#### DATA SECTION:
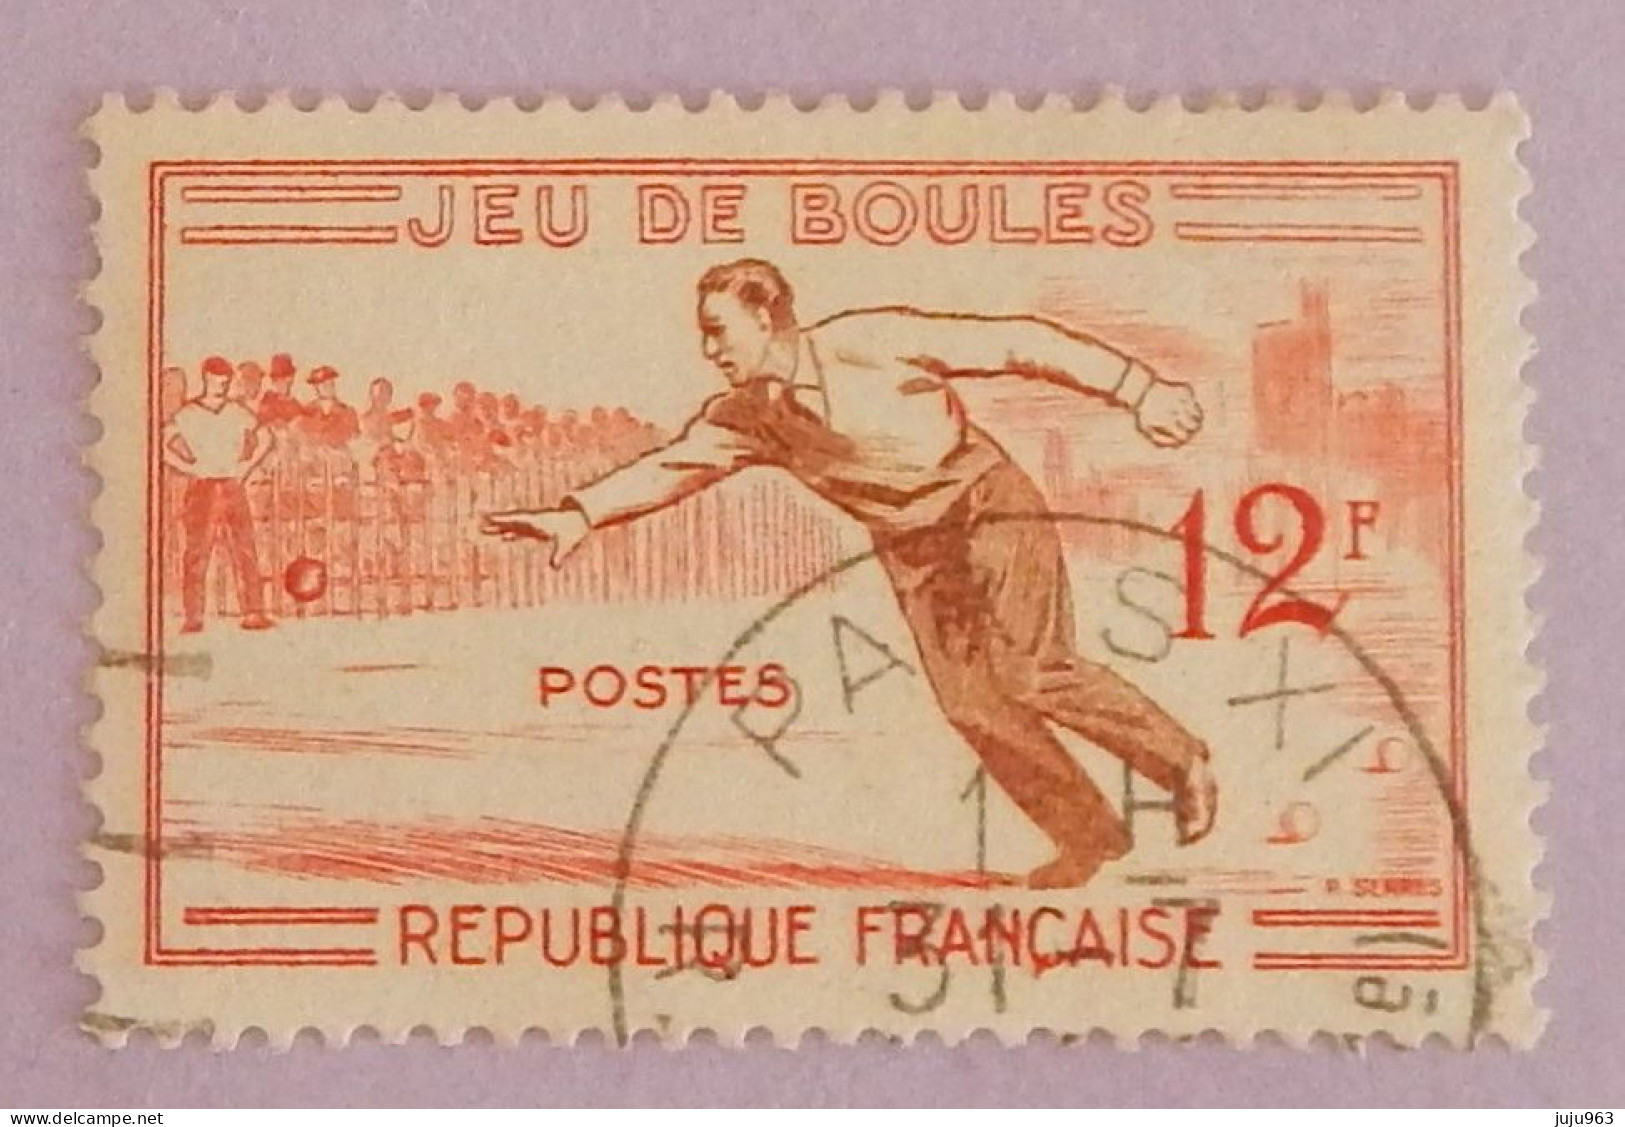 FRANCE YT 1161 CACHET ROND "JEU DE BOULES" ANNÉE 1958 - Gebraucht
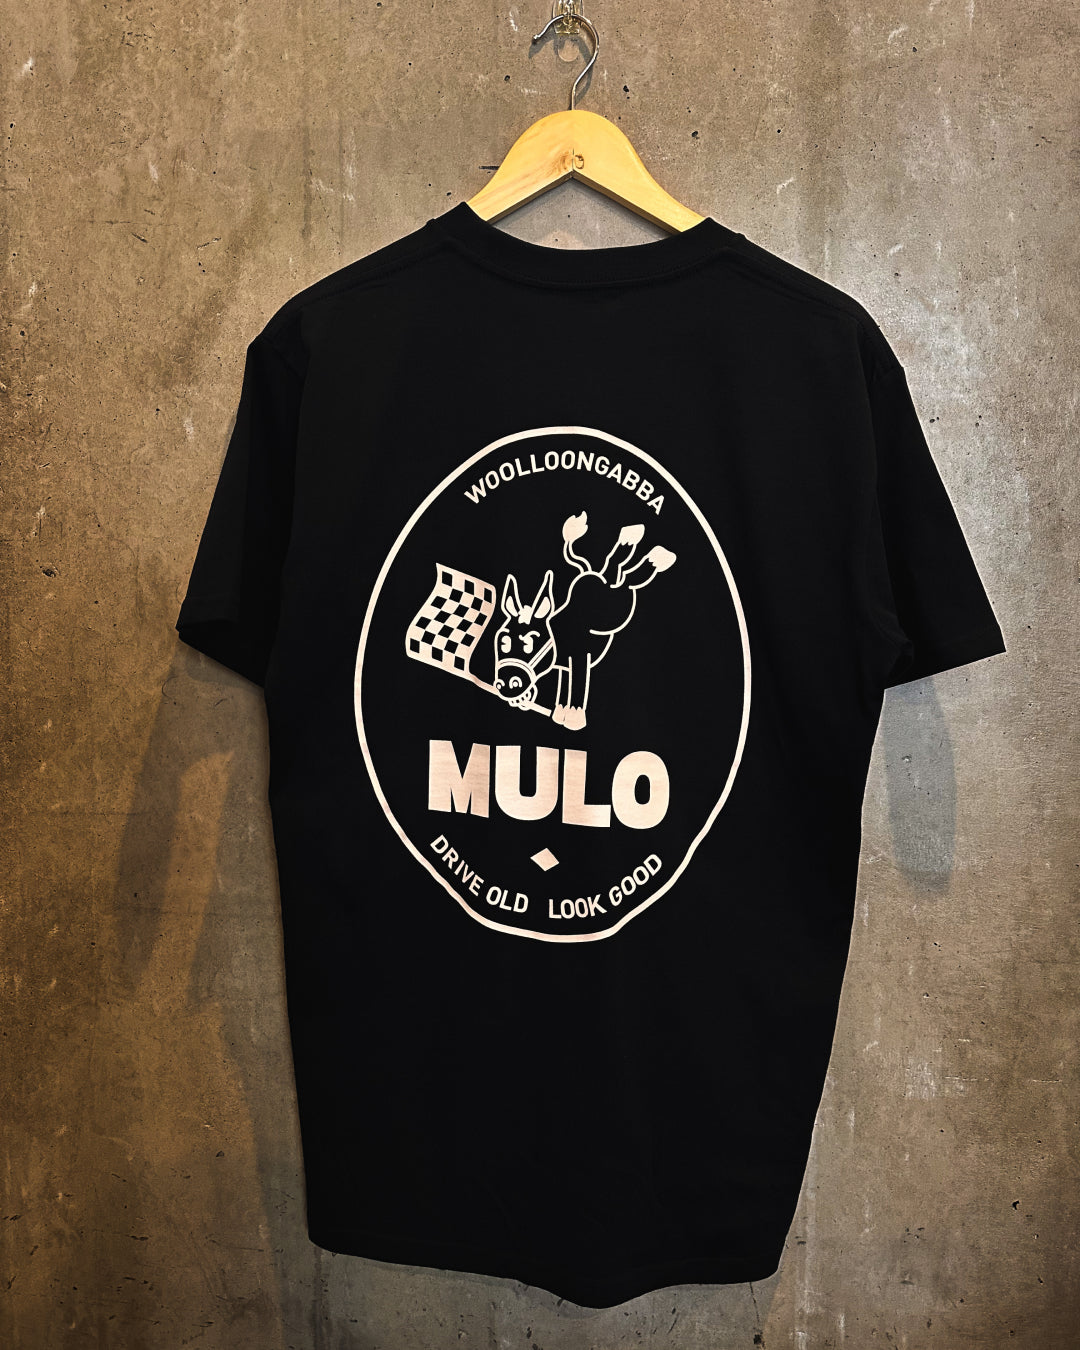 MULO Tipo 03 Tee Shirt Black
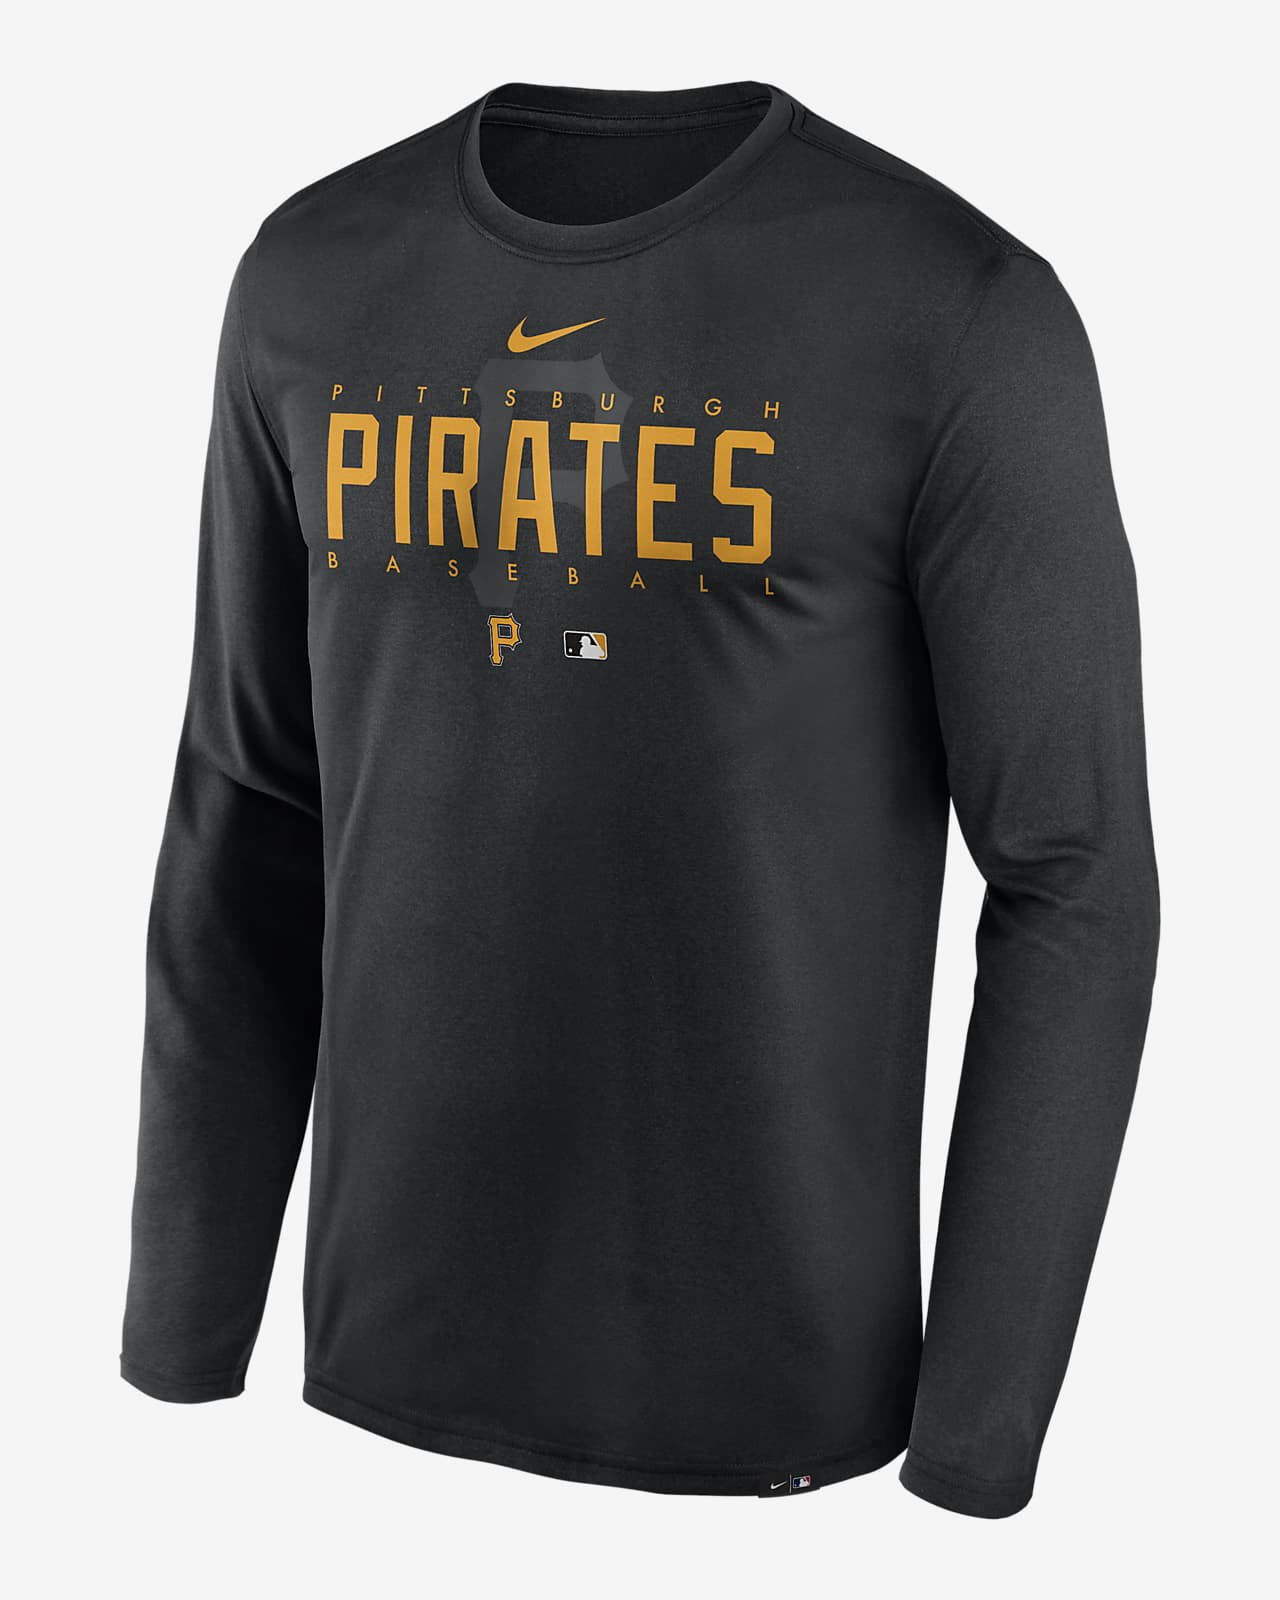 pittsburgh pirates golf shirt

#### WHAT THIS TASK INVOLVES:
All of the data is to be transcribed exactly, with images omitted.

#### EXPECTED ANSWER:
 FRANCE YT 1161 CACHET ROND "JEU DE BOULES" ANNÉE 1958 - Gebraucht
 MULO Tipo 03 Tee Shirt Black
 pittsburgh pirates golf shirt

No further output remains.